- Directed by: André Berthomieu
- Screenplay by: André Berthomieu Paul Vandenberghe
- Produced by: Jean Mugeli
- Starring: Bourvil Michèle Philippe Jacques Louvigny
- Cinematography: Fred Langenfeld
- Edited by: Jeannette Berton Claude Gros
- Music by: Georges Van Parys
- Production company: Union Cinématographique Lyonnaise
- Distributed by: S.R.O.
- Release date: 22 December 1948;
- Running time: 95 minutes
- Country: France
- Language: French

= The Heart on the Sleeve =

1948 film

The Heart on the Sleeve (French: Le Coeur sur la main) is a 1948 French comedy film directed by André Berthomieu and starring Bourvil, Michèle Philippe and Jacques Louvigny.
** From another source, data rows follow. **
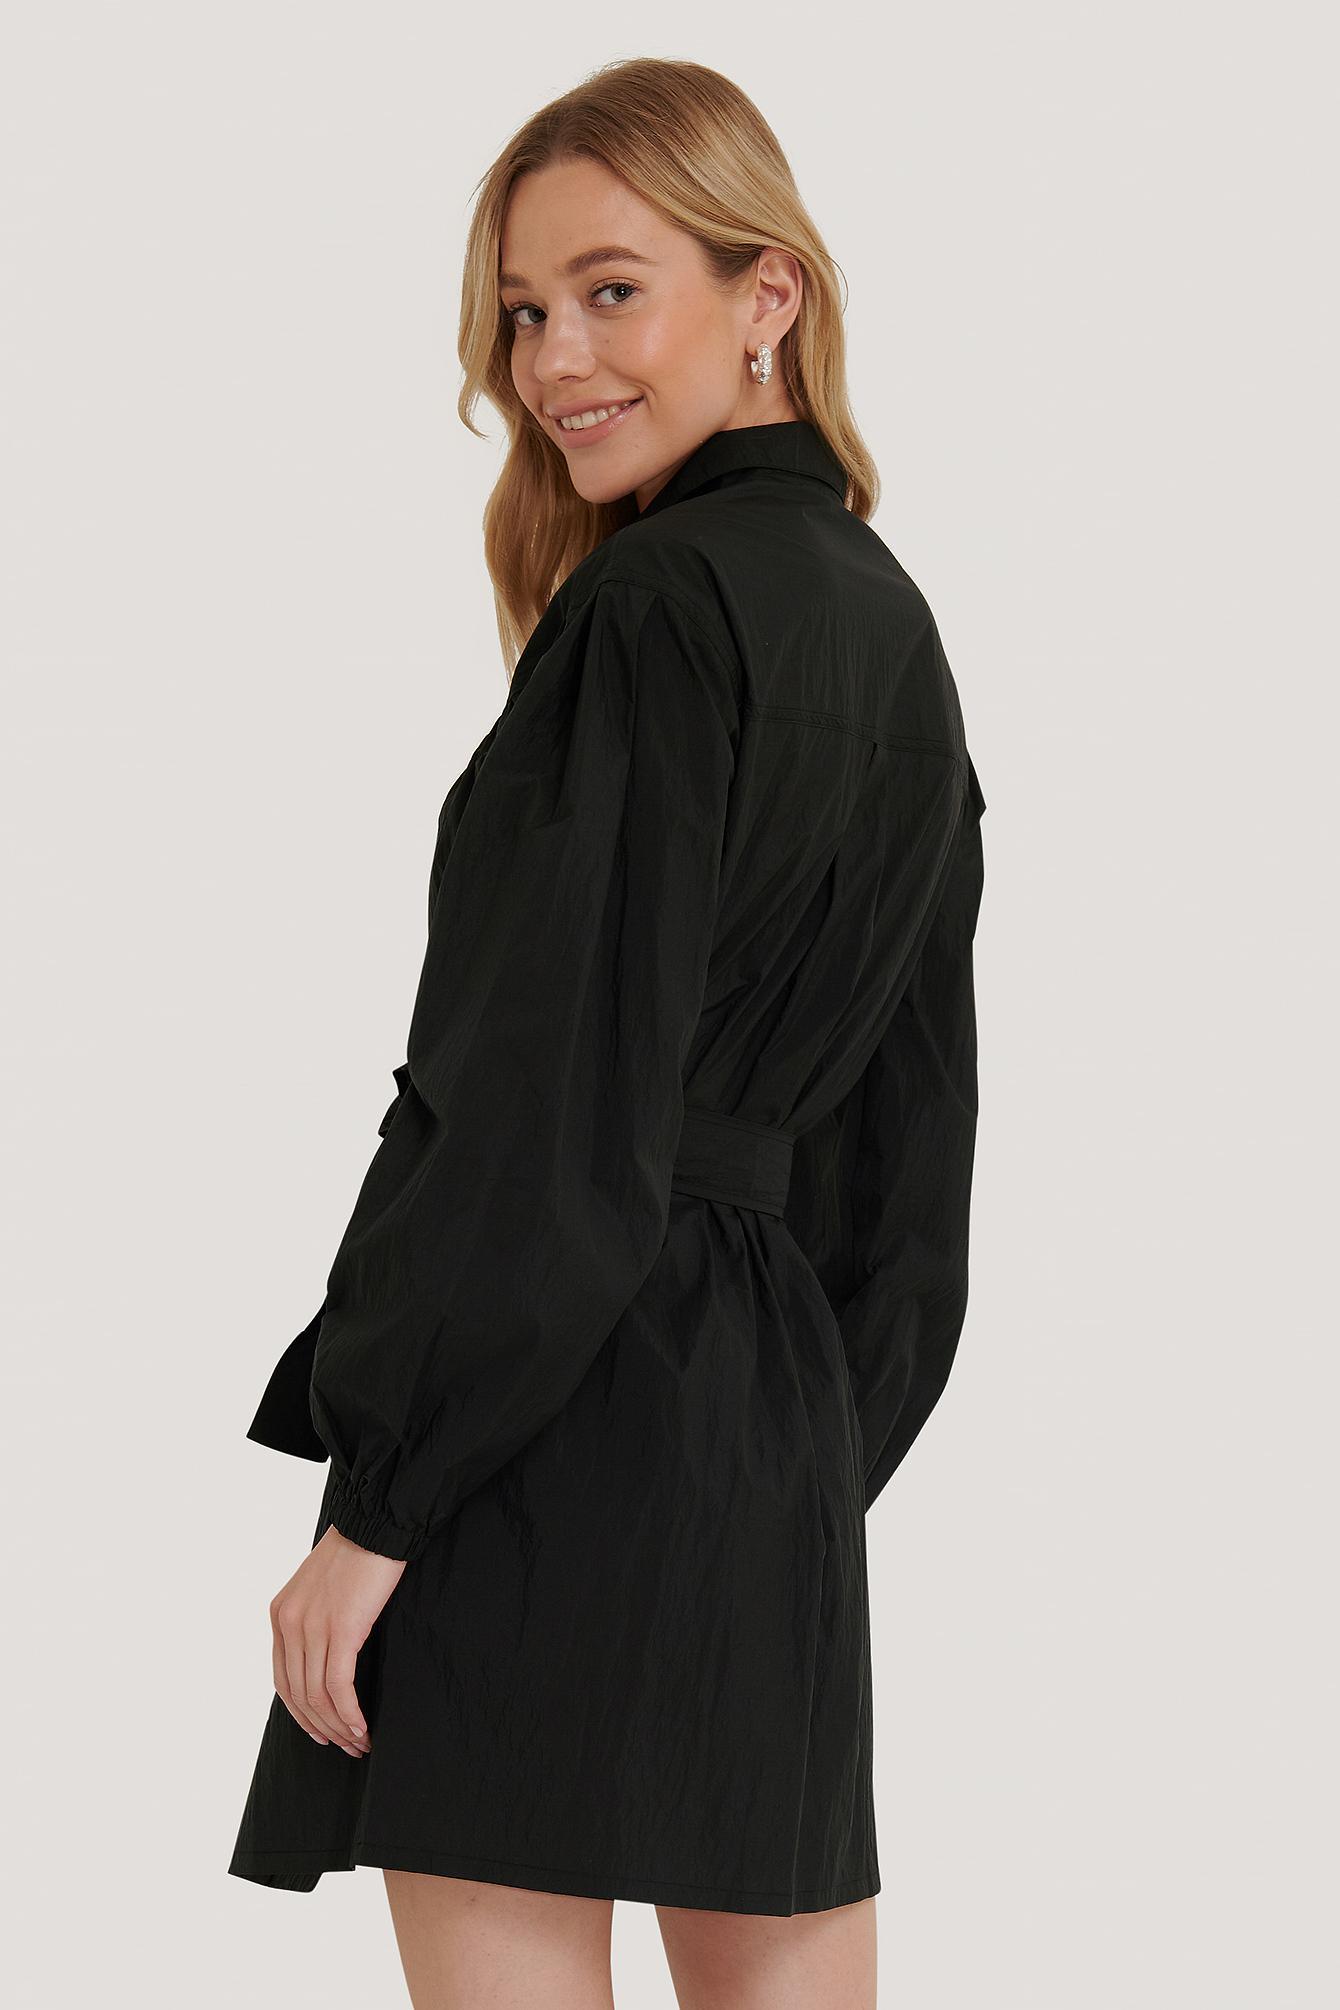 NA-KD Sporty kjole, black, 34
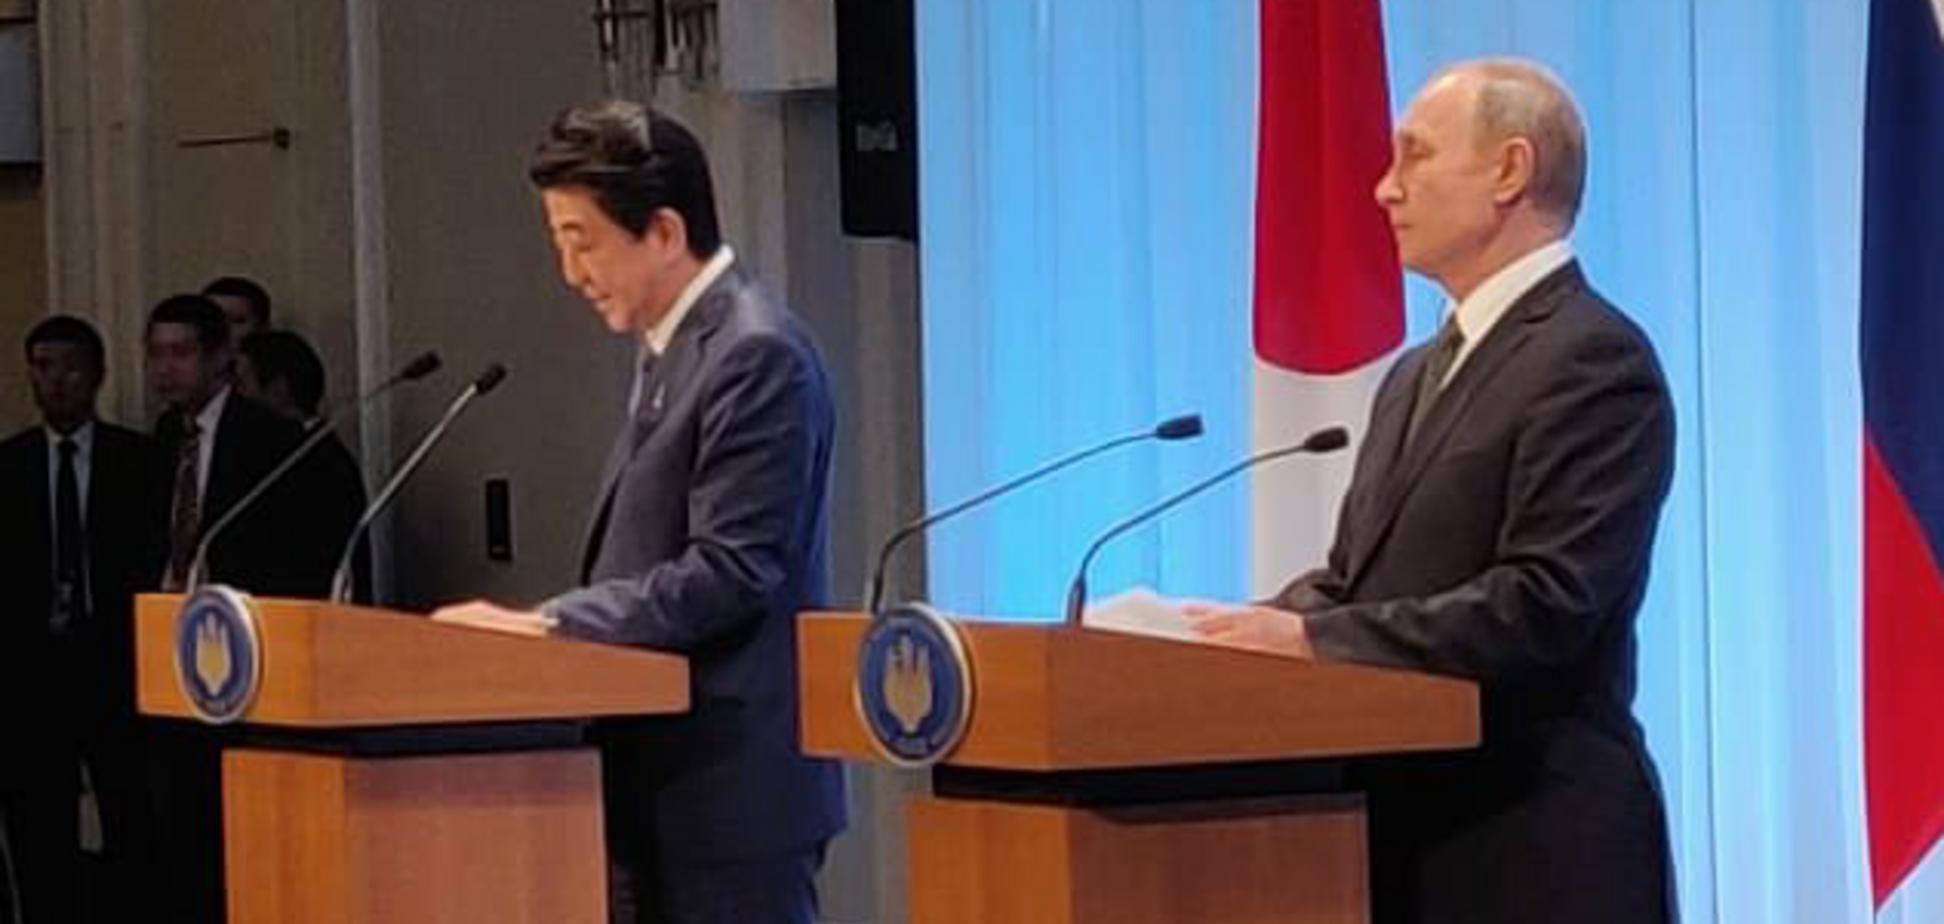 Прем'єр Японії раптово захотів помиритися з Путіним
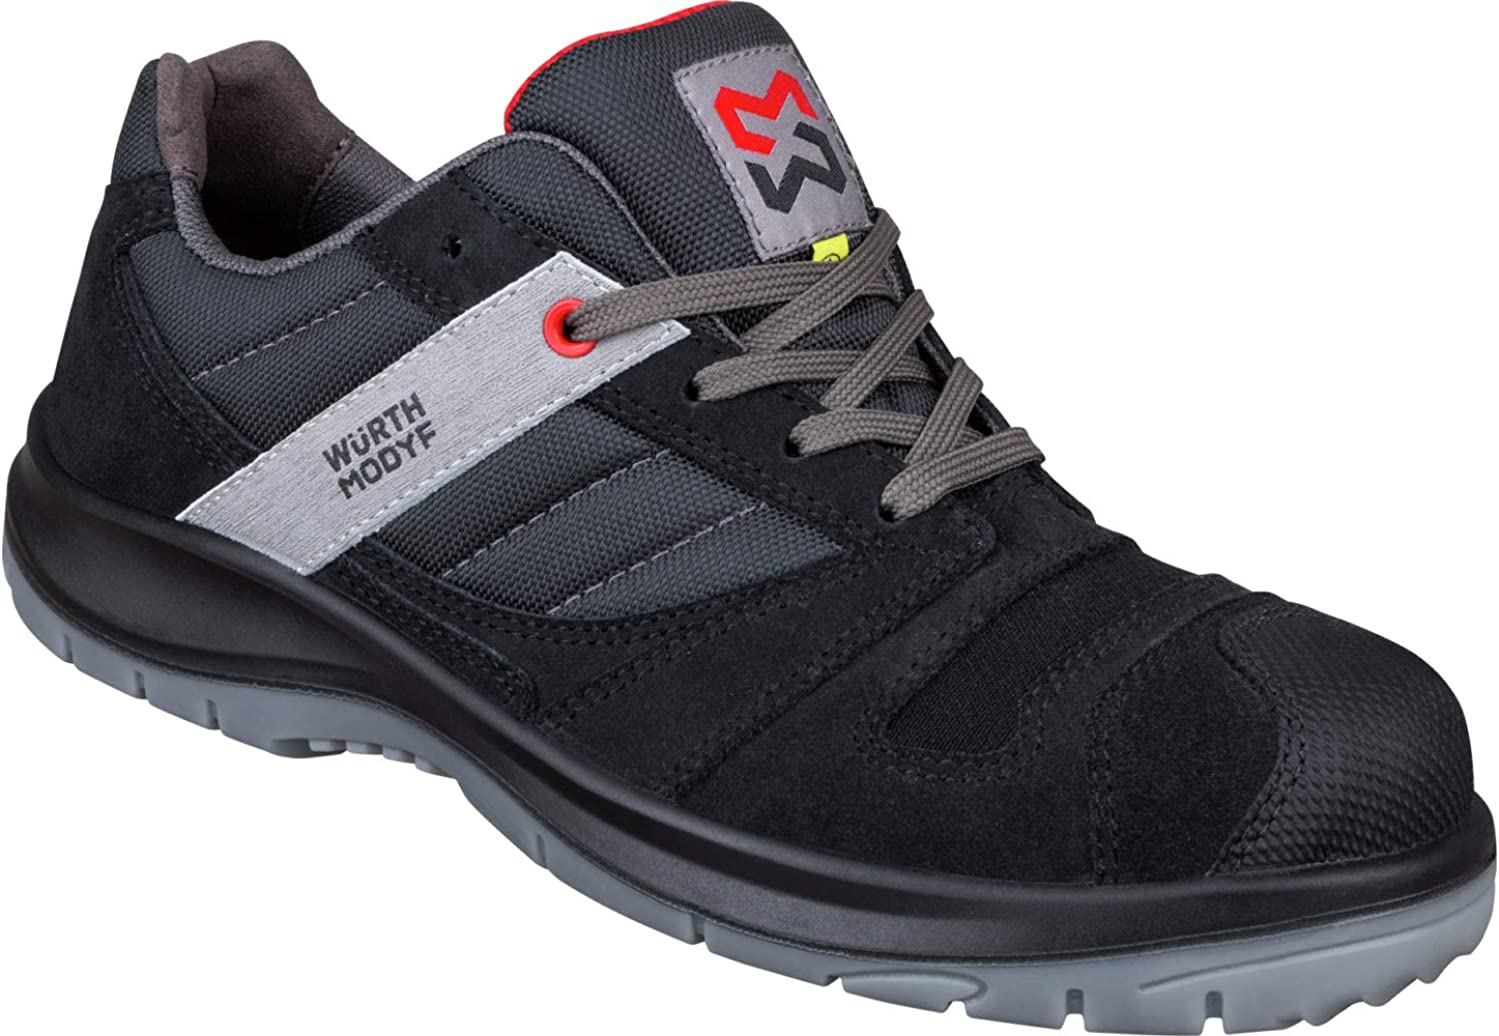 WÜRTH MODYF Chaussures de sécurité S3 ESD Stretch X Noires

It was shot at the Billancourt Studios in Paris and on location in the city. The film's sets were designed by the art director Raymond Nègre. It had admissions in France of 3,657,951.

==Plot==
Léo Ménard works as a sexton in a small parish. When the Parisian singer Mary Pinson performs in his village he's asked to accompany her on his accordion, because the pianist is unavailable. His nightly performance causes a scandal in the Catholic community and he loses his job. He leaves to Paris to look up the singer.

==Main cast==
- Bourvil as Leon Ménard - le bedeau d'un village normand qui devient vedette de cabaret
- Michèle Philippe as Mary Pinson - une chanteuse don't s'éprend Léon
- Lolita De Silva as Solange - la fille du cirque
- Robert Berri as Alex - le fiancé de Mary
- Jacques Louvigny as Martineau - l'imprésario
- Charles Bouillaud as Paulo - le guitariste
- Paul Faivre as Le curé
- Blanche Denège as Augustine - la bonne du curé
- Marcelle Monthil as Mademoiselle Aglaé

==Bibliography==
- Rège, Philippe. Encyclopedia of French Film Directors, Volume 1. Scarecrow Press, 2009.